Il avait d'ailleurs de quoi soutenir un siège, avec les sacs de blé qui encombraient la petite chambre et que l'administration lui laissait en réserve pour distribuer à ceux de ses élèves dont les familles avaient été victimes de la sécheresse. En réalité, le malheur les avait tous atteints puisque tous étaient pauvres. Chaque jour, Daru distribuait une ration aux petits. Elle leur avait manqué, il le savait bien, pendant ces mauvais jours. Peut-être un des pères ou des grands frères viendrait ce soir et il pourrait les ravitailler en grains. Il fallait faire la soudure avec la prochaine récolte, voilà tout. Des navires de blé arrivaient maintenant de France, le plus dur était passé.

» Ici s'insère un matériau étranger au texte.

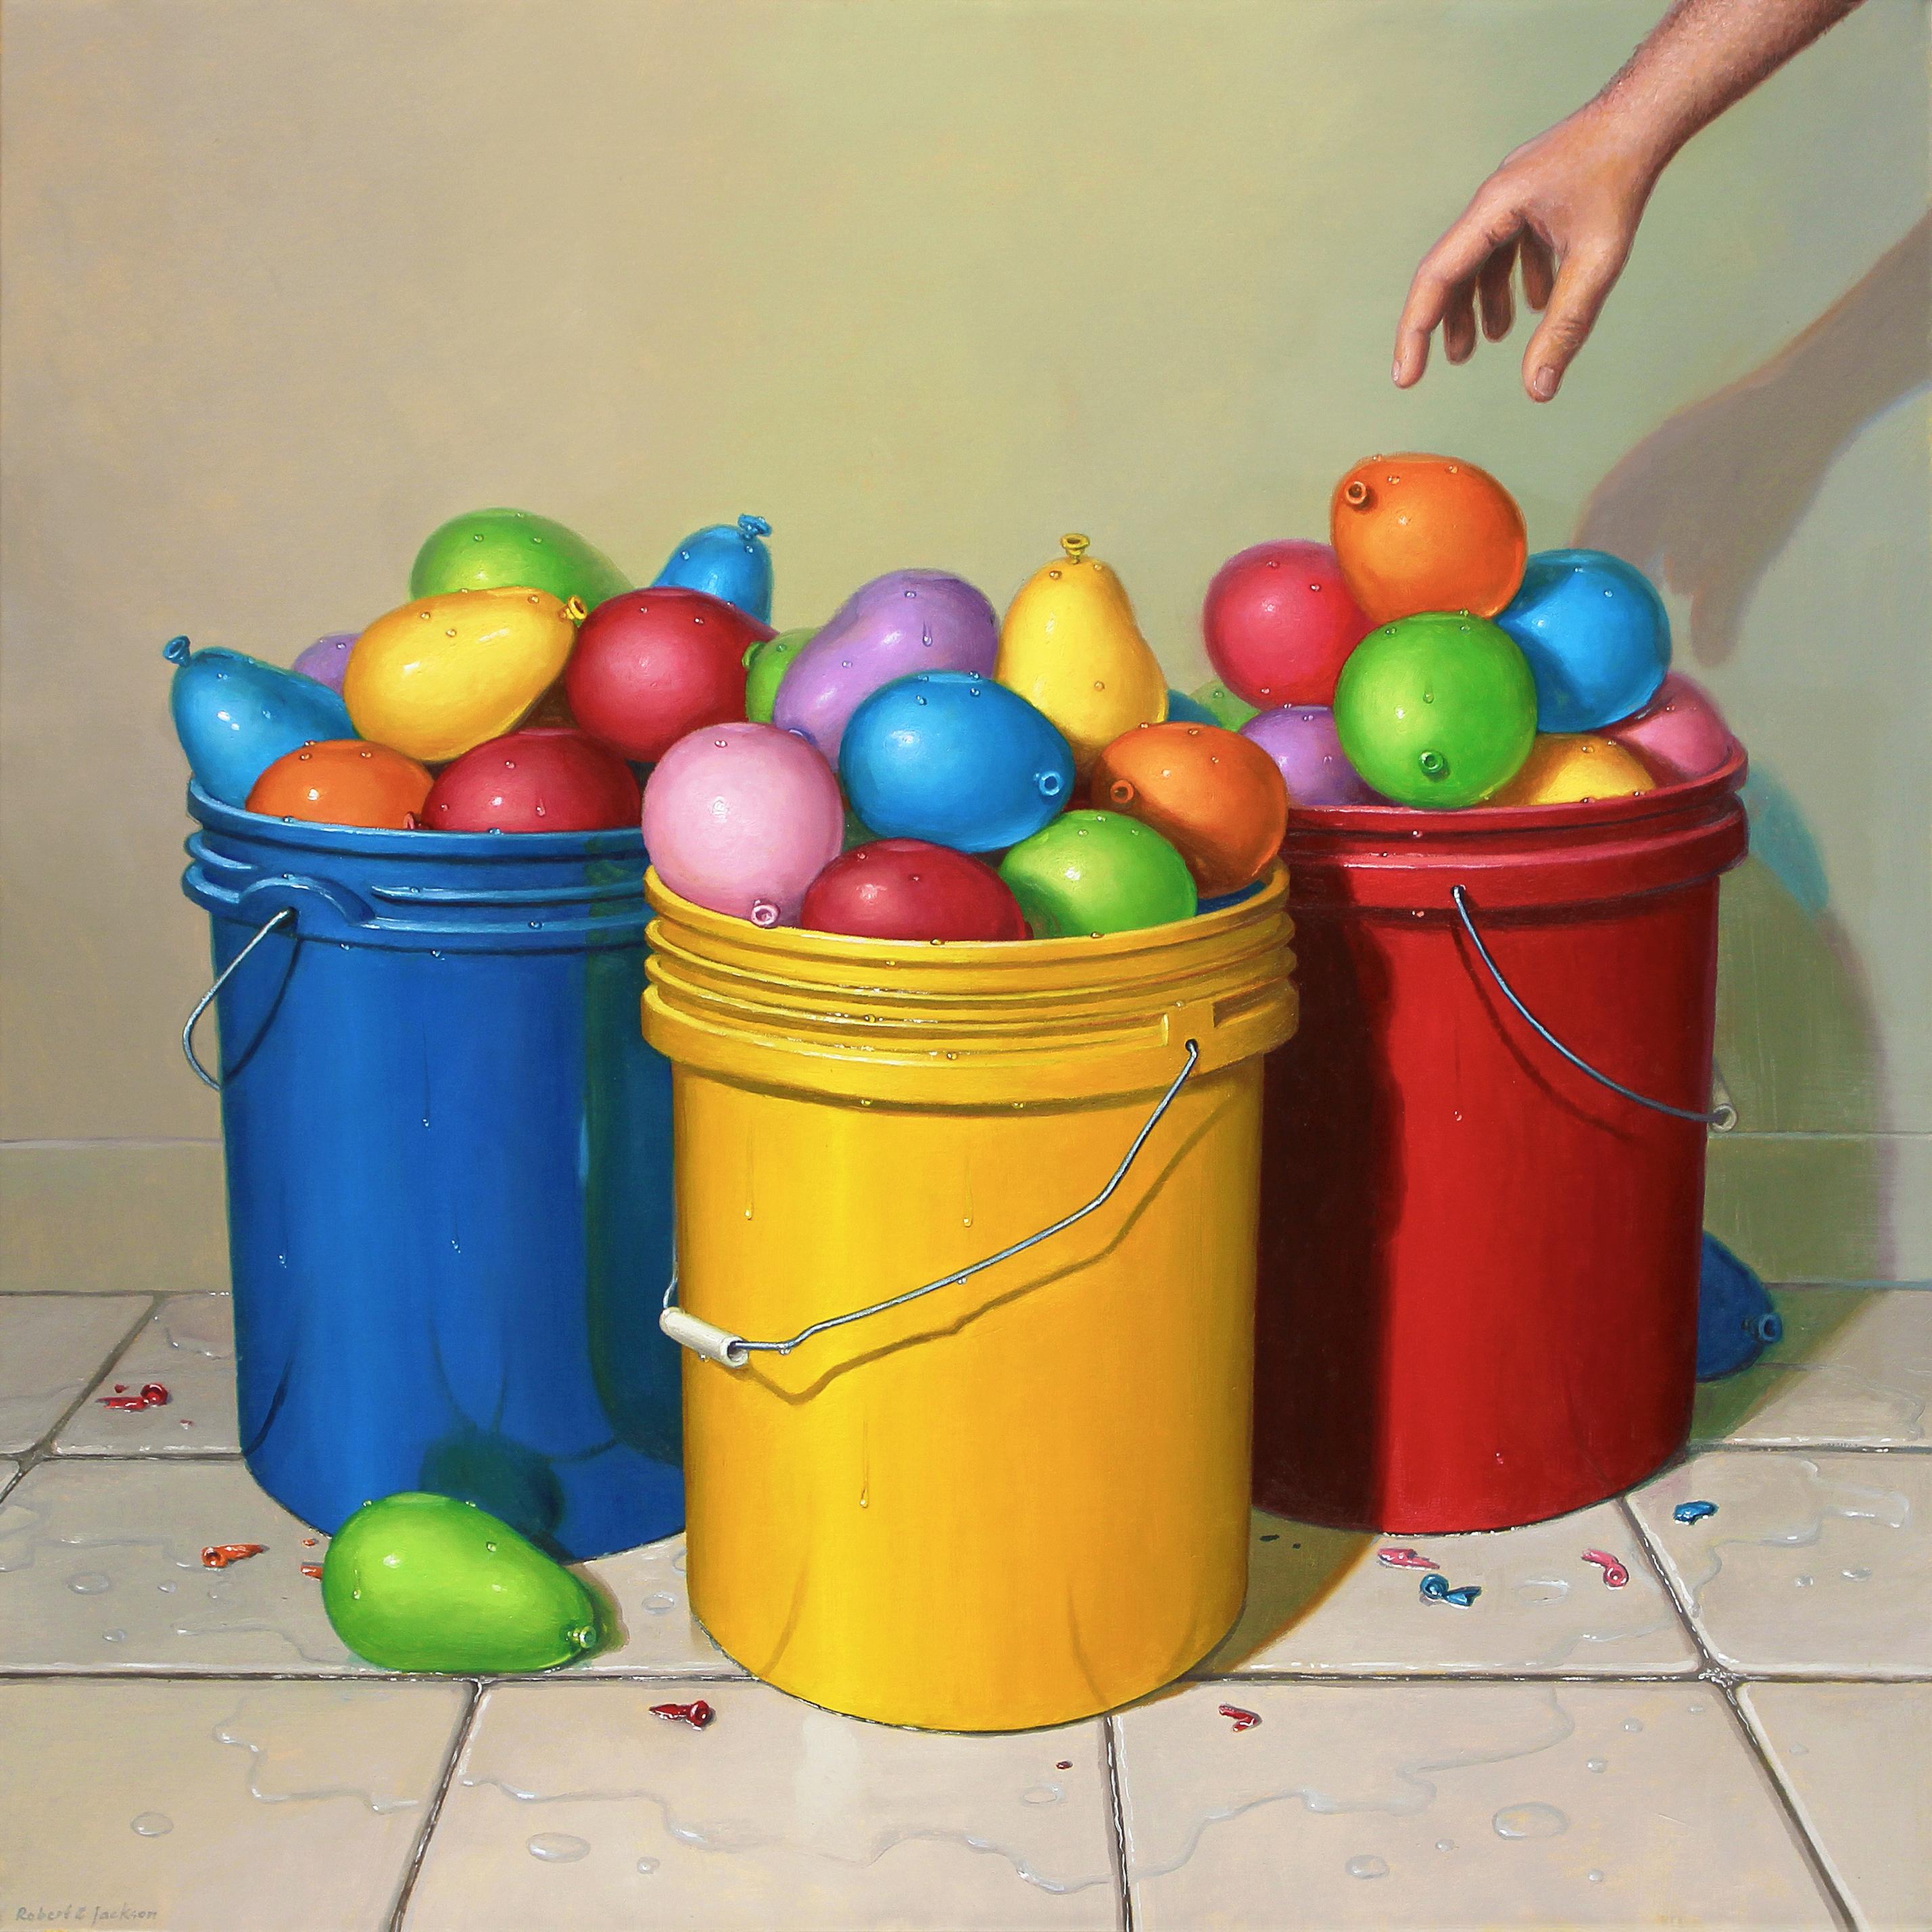 Robert Jackson Still-Life Painting – READY - Realismus / Ölgemälde / Contemporary / Humor / Luftballons

Mais il serait difficile d'oublier cette misère, cette armée de fantômes haillonneux errant dans le soleil, les plateaux calcinés mois après mois, la terre recroquevillée peu à peu, littéralement torréfiée, chaque pierre éclatant en poussière sous le pied. Les moutons mouraient alors par milliers et quelques hommes, çà et là, sans qu'on puisse toujours le savoir.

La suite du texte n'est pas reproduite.